I feel you. So much. As a tired mom and parent to very picky eater. Honestly, it's a struggle, and every kid is different. I can't say I have succeeded much. We are definitely stuck in a 2 or 3 dish rotation for my son. I just make sure he eats a lot of fruit and do what I can for dinner. Black bean quesadillas, black bean burritos, pasta with kale pesto, french toast, those are our stand-bys. And sides of little tomatoes and sometimes broccoli.

Read this. You'll feel better and get a good laugh.

picky eaters

ARTICLE: As a cookbook writer, I just knew my children would be good eaters. Then they were born.
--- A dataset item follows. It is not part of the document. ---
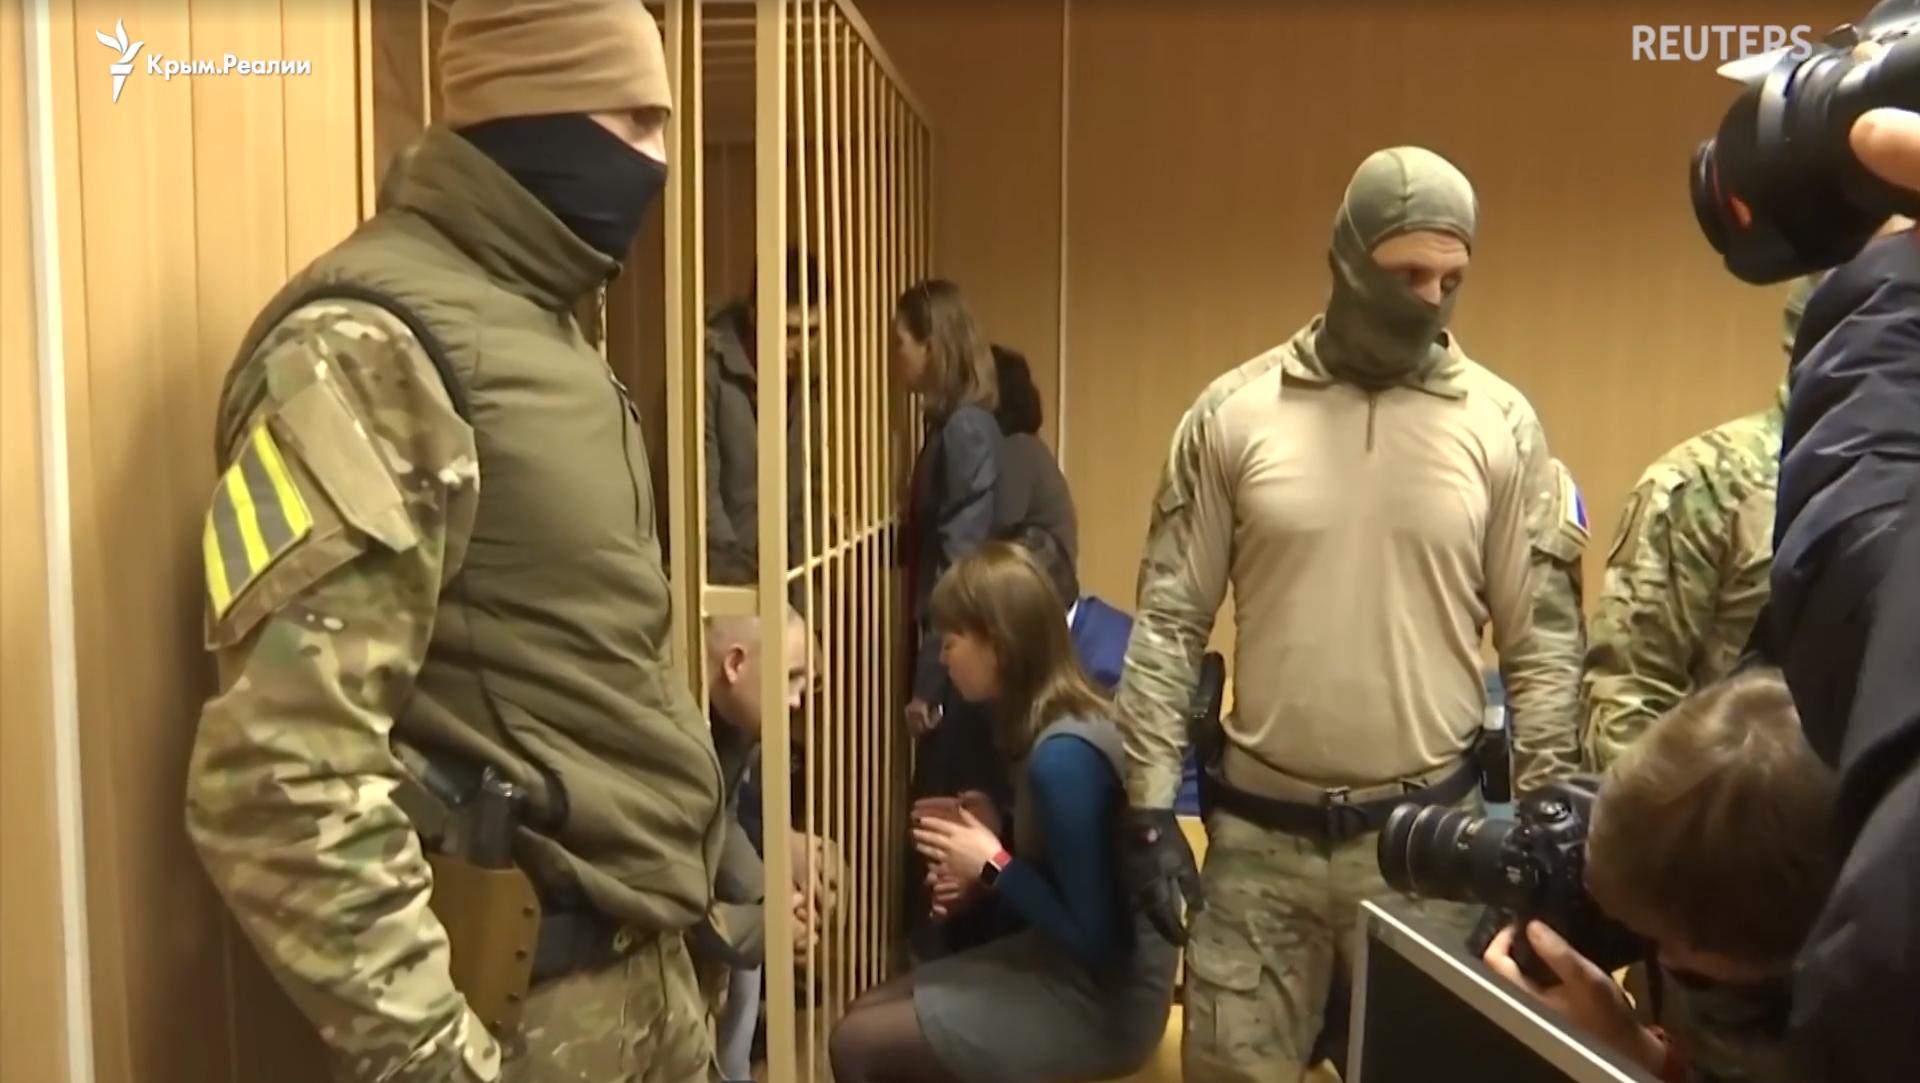 Адвокат сообщил важные новости о пленных моряках ВМС Украины в Москве: все решится уже через пару дней

Hi Rangers, I appreciated your article on dining out, but thought that it might have been a little too fast and loose regarding those workers who have to come in while sick or otherwise lose their jobs. As a pregnant diabetic (what a two-fer!), I'm extremely hesitant to even order from establishments at this point, but also feel a little bit like I'm taking crazy pills. Have you heard from any local places that are offering paid sick leave to their employees, so that I can at least propose options when family wants to dine out or order in? I'm grateful for your thoughts on the matter!

Paid sick leave for restaurant workers is a serious subject in the era of coronavirus. Historically, hourly cooks and servers have not been paid when taking a sick day. So they worked when ill, not ideal now, or ever.

 

But a few years ago, the D.C. Council passed a law that requires all employers, large and small, to provide paid sick leave for workers. The amount per year varies by the size of the company. But, by law, D.C. restaurants should offer the benefit to their workers, though employees have to earn the days by working a required number of hours.

 

Does that mean workers are actually reaping these benefits? Well, I'd say it's a safe bet that some (many?) restaurant workers don't even know they have paid sick leave benefits in DC.

 

I haven't surveyed restaurateurs on whether they actually provide sick leave. But I have been trading emails with Danny Meyer's team. His Union Square Hospitality Group offers paid sick leave. Meyer recently opened Maialino Mare in the Navy Yard, so that's at least one safe space.

 

Rangers, do you know of other places?

 

Review: Tom Sietsema's preview Maialino Mare

I'm disappointed that you'd feature a peanut butter so full of sugar for your recommended pantry stocking-up. At least make it Skippy if not a peanuts-only brand.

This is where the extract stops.